§ **EXERCISE BRIEF**
Please copy out every line of the listing below in which the word "Manual" appears.

§ **MATERIAL PROVIDED**
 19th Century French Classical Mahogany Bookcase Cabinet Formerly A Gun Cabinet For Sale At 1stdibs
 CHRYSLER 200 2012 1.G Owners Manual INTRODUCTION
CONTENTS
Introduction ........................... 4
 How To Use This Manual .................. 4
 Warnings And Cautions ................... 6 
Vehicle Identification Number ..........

---

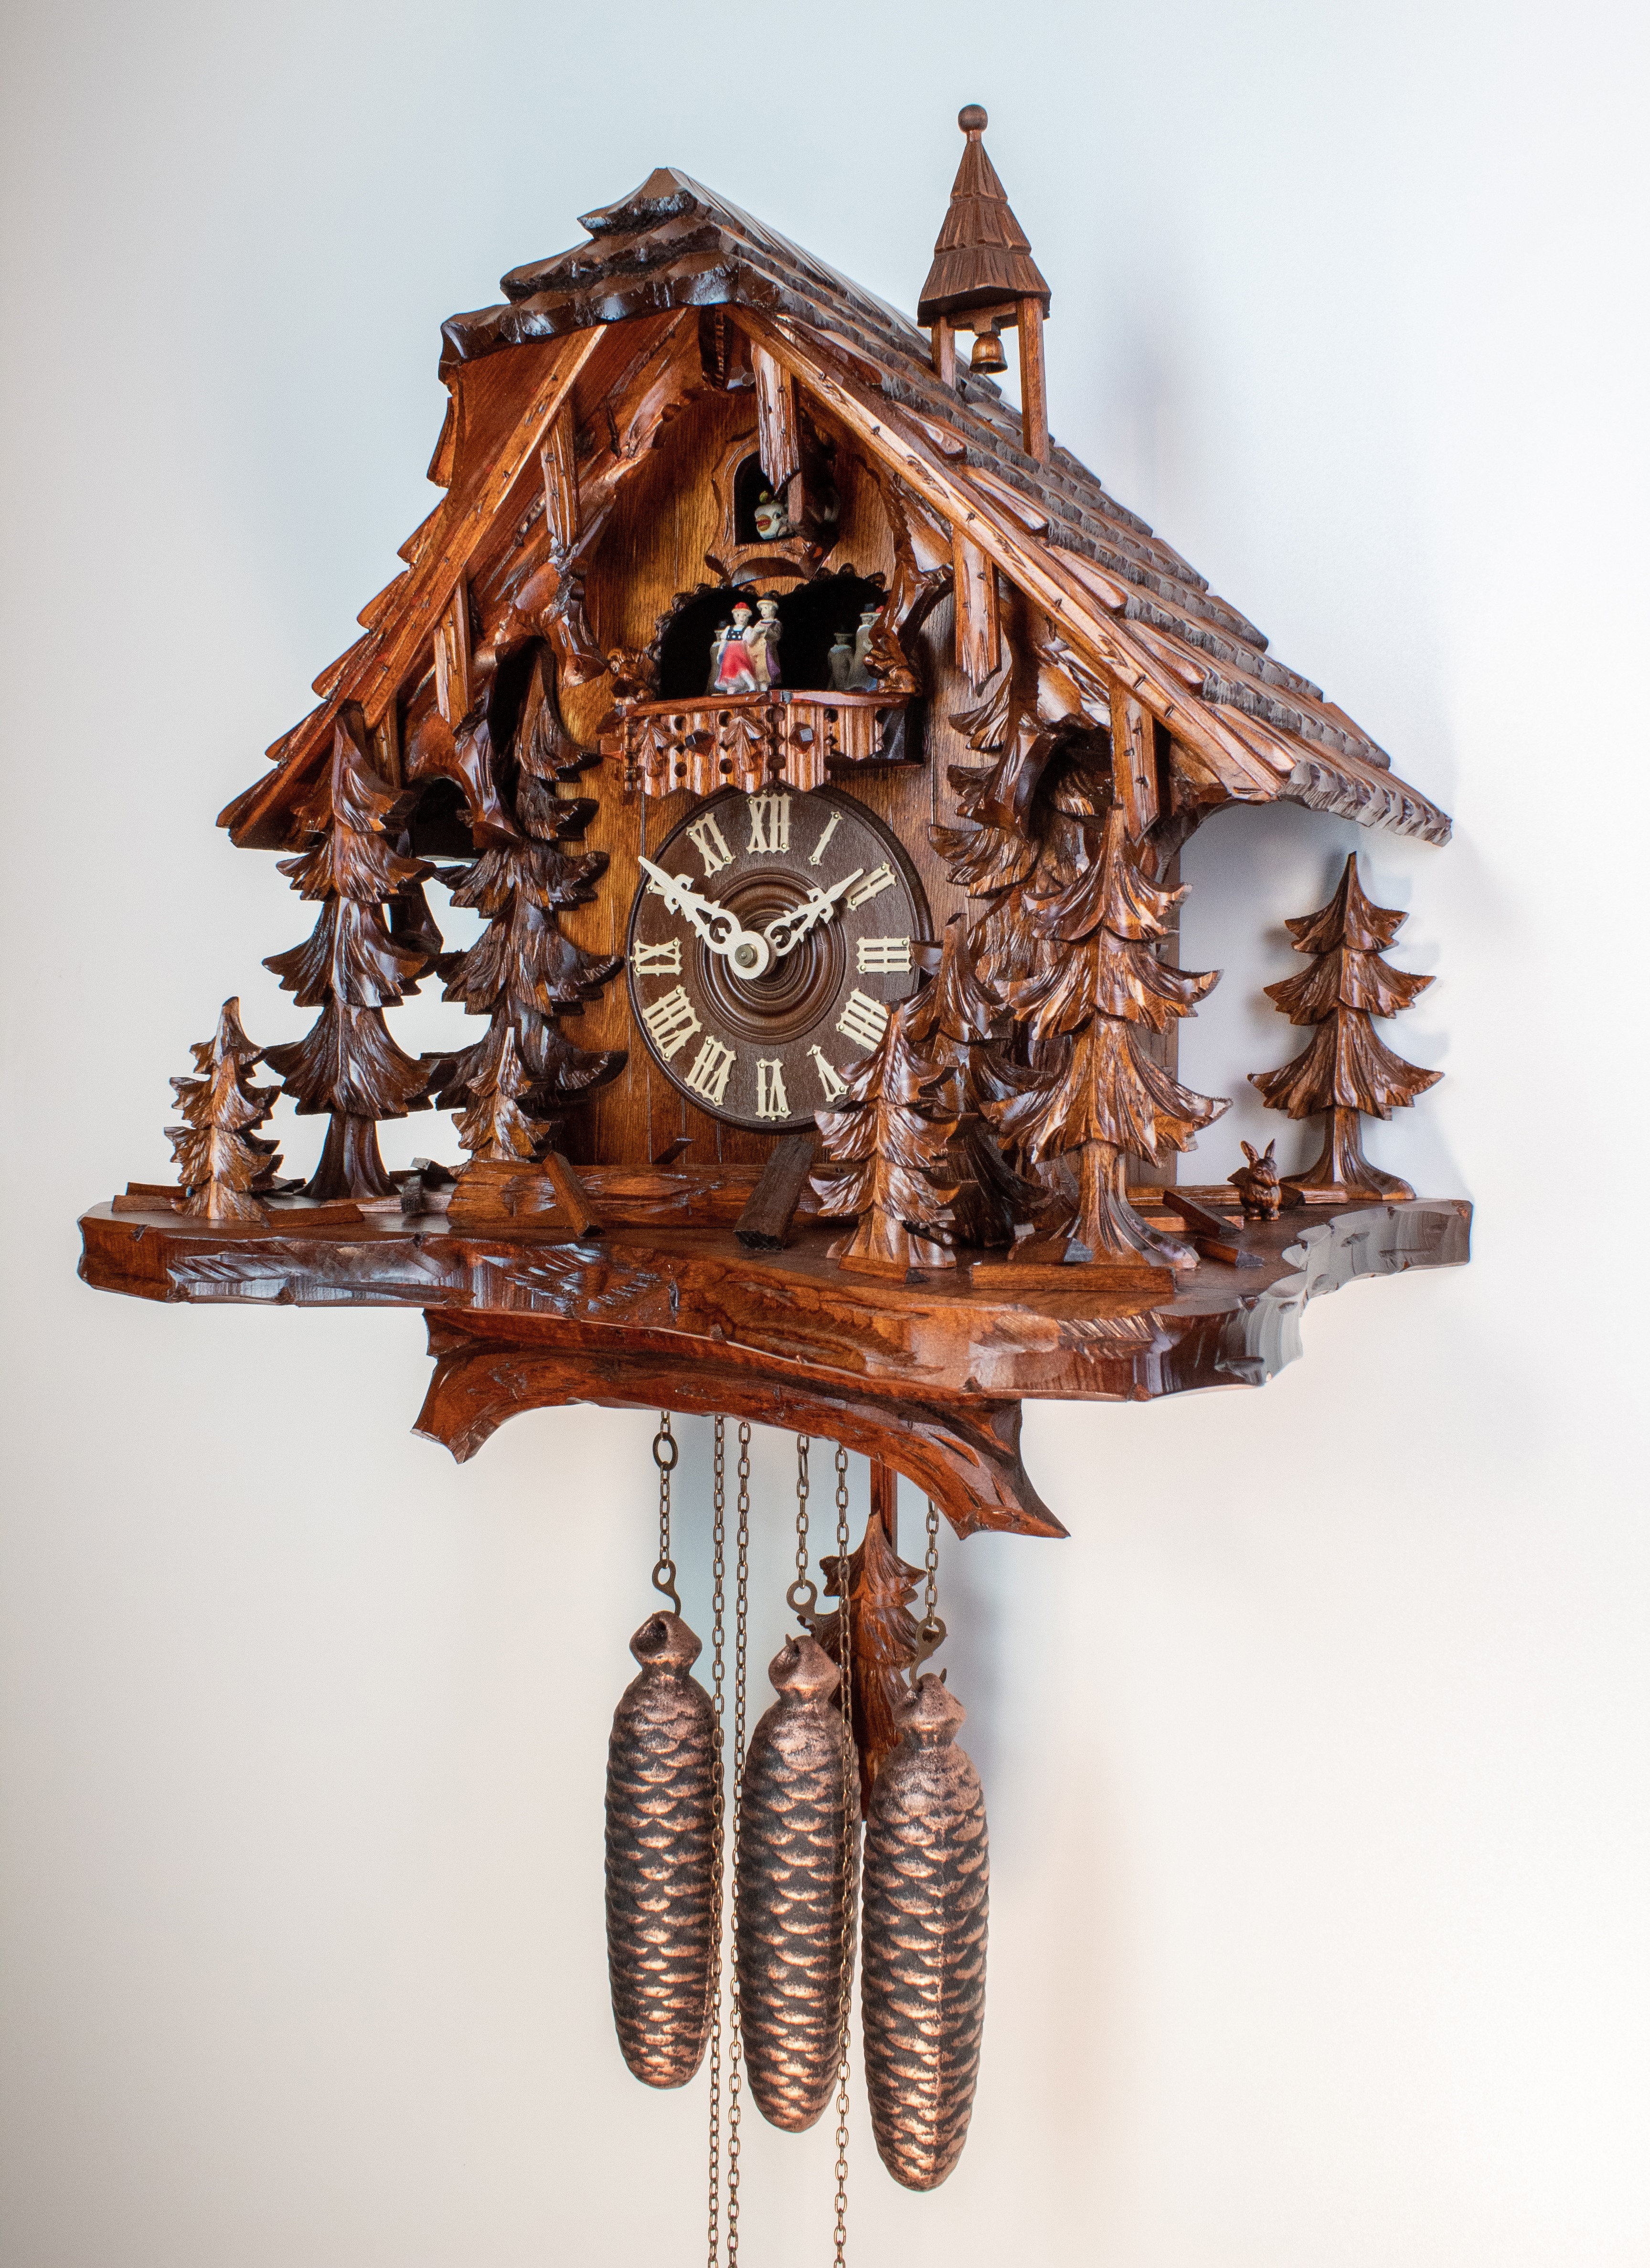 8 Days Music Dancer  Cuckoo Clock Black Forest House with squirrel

---

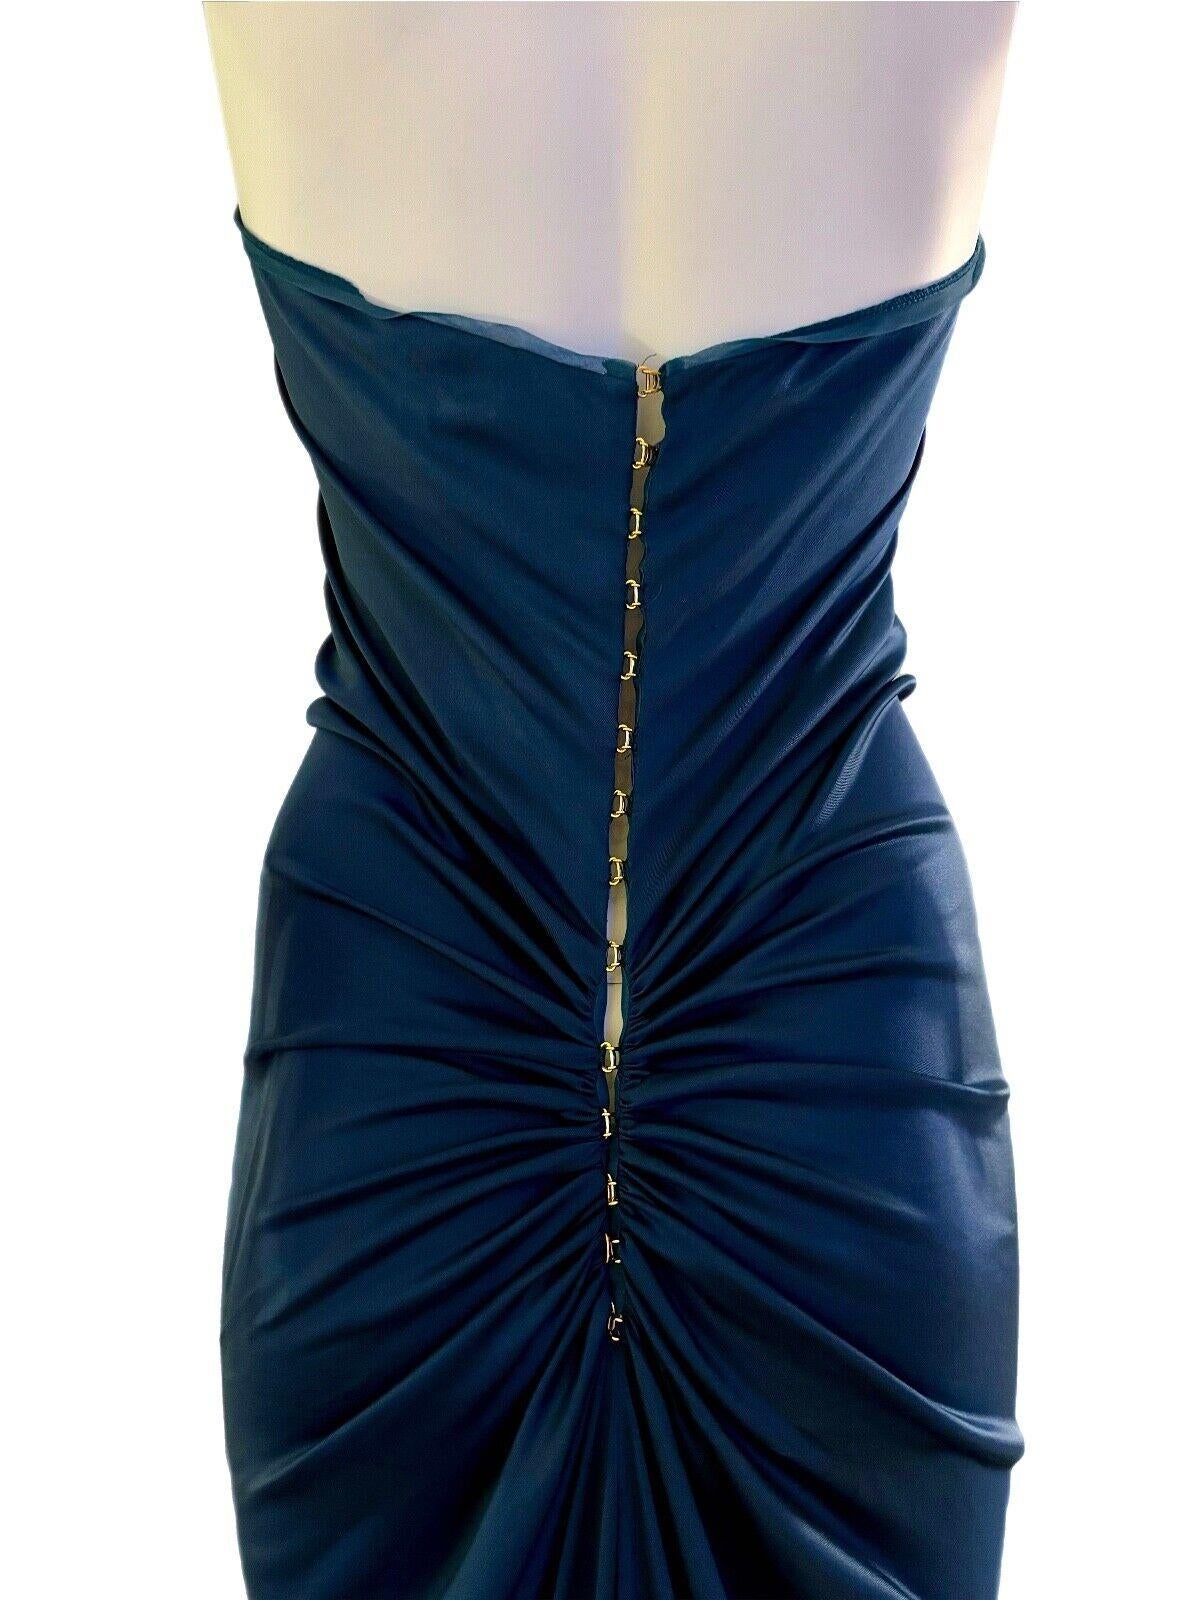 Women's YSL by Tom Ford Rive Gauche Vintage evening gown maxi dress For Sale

§ **THE ANSWER**
 CHRYSLER 200 2012 1.G Owners Manual INTRODUCTION
 How To Use This Manual .................. 4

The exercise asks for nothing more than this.